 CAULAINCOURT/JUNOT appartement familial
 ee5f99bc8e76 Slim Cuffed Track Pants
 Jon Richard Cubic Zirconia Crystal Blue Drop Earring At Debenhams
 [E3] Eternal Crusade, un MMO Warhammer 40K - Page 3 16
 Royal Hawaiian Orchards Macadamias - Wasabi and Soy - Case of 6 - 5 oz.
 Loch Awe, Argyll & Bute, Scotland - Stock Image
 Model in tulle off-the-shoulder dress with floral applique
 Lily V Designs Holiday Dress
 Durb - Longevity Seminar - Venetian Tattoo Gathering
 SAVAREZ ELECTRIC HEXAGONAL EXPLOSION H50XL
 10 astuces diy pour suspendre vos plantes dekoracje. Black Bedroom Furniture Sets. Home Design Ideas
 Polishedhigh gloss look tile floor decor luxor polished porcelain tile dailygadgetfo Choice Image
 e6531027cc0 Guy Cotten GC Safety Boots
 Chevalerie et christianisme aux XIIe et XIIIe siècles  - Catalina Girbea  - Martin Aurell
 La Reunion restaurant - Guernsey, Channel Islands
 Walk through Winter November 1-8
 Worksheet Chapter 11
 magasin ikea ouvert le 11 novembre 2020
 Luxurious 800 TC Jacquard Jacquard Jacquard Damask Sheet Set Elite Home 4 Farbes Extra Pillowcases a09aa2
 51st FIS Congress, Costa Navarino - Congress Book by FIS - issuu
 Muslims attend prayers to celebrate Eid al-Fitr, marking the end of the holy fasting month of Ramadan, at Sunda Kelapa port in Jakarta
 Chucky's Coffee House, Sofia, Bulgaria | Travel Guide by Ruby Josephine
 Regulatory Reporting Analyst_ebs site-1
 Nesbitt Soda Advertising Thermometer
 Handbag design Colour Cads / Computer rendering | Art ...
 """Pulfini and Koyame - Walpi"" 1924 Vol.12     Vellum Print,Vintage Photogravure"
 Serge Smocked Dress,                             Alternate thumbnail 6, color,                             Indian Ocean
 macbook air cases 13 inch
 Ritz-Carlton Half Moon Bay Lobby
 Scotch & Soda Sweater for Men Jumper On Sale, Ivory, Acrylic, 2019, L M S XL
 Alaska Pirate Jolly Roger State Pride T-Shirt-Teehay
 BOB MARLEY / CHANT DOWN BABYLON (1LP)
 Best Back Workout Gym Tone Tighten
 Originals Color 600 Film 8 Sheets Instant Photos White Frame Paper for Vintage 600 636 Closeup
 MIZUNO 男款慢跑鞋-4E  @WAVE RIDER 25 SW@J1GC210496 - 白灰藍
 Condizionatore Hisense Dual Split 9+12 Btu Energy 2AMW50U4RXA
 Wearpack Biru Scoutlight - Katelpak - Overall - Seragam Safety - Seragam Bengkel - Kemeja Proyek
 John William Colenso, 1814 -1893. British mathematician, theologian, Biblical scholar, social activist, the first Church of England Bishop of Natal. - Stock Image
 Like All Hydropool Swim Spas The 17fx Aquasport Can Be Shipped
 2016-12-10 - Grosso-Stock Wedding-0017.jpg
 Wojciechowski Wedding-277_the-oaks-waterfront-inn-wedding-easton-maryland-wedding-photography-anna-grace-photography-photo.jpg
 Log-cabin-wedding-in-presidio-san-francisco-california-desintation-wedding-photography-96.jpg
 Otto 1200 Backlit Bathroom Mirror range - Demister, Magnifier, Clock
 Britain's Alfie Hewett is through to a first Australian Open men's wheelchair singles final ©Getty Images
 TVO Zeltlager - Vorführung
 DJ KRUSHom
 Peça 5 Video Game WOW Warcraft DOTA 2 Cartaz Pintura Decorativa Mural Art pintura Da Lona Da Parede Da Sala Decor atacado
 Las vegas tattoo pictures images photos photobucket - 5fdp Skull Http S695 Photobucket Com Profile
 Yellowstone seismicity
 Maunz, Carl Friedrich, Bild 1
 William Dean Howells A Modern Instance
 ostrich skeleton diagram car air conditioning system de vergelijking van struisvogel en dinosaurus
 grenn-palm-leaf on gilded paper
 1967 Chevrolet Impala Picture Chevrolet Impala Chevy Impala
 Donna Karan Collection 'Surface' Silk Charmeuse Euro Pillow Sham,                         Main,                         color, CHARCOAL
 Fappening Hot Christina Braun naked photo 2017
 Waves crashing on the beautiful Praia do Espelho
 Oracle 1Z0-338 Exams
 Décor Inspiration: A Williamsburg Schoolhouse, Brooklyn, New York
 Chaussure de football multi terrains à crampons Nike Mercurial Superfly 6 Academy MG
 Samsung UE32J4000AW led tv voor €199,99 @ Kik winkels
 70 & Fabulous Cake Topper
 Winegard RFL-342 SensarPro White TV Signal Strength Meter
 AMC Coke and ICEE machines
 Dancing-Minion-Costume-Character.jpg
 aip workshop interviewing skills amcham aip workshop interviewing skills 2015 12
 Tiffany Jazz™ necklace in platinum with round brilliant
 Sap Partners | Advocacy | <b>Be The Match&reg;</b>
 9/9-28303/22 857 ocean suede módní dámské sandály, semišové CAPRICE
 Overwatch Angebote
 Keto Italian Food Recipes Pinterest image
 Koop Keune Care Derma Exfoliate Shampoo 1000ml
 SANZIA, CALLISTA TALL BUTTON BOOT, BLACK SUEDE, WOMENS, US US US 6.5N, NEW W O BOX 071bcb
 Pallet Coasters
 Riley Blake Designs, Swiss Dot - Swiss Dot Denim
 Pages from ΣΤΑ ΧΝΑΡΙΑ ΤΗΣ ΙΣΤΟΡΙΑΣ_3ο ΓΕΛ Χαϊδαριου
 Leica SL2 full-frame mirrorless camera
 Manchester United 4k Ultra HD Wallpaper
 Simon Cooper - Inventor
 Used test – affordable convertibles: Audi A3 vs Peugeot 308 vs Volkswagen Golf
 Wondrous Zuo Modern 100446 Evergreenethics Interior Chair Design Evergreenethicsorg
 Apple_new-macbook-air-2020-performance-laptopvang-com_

..........

▶ DIRECTIONS FOR THIS TASK:
Restate the listing word for word, but only from its first line through the line with "10 astuces diy", keeping both end lines.

▶ RESULT FOR THIS EXERCISE:
 CAULAINCOURT/JUNOT appartement familial
 ee5f99bc8e76 Slim Cuffed Track Pants
 Jon Richard Cubic Zirconia Crystal Blue Drop Earring At Debenhams
 [E3] Eternal Crusade, un MMO Warhammer 40K - Page 3 16
 Royal Hawaiian Orchards Macadamias - Wasabi and Soy - Case of 6 - 5 oz.
 Loch Awe, Argyll & Bute, Scotland - Stock Image
 Model in tulle off-the-shoulder dress with floral applique
 Lily V Designs Holiday Dress
 Durb - Longevity Seminar - Venetian Tattoo Gathering
 SAVAREZ ELECTRIC HEXAGONAL EXPLOSION H50XL
 10 astuces diy pour suspendre vos plantes dekoracje. Black Bedroom Furniture Sets. Home Design Ideas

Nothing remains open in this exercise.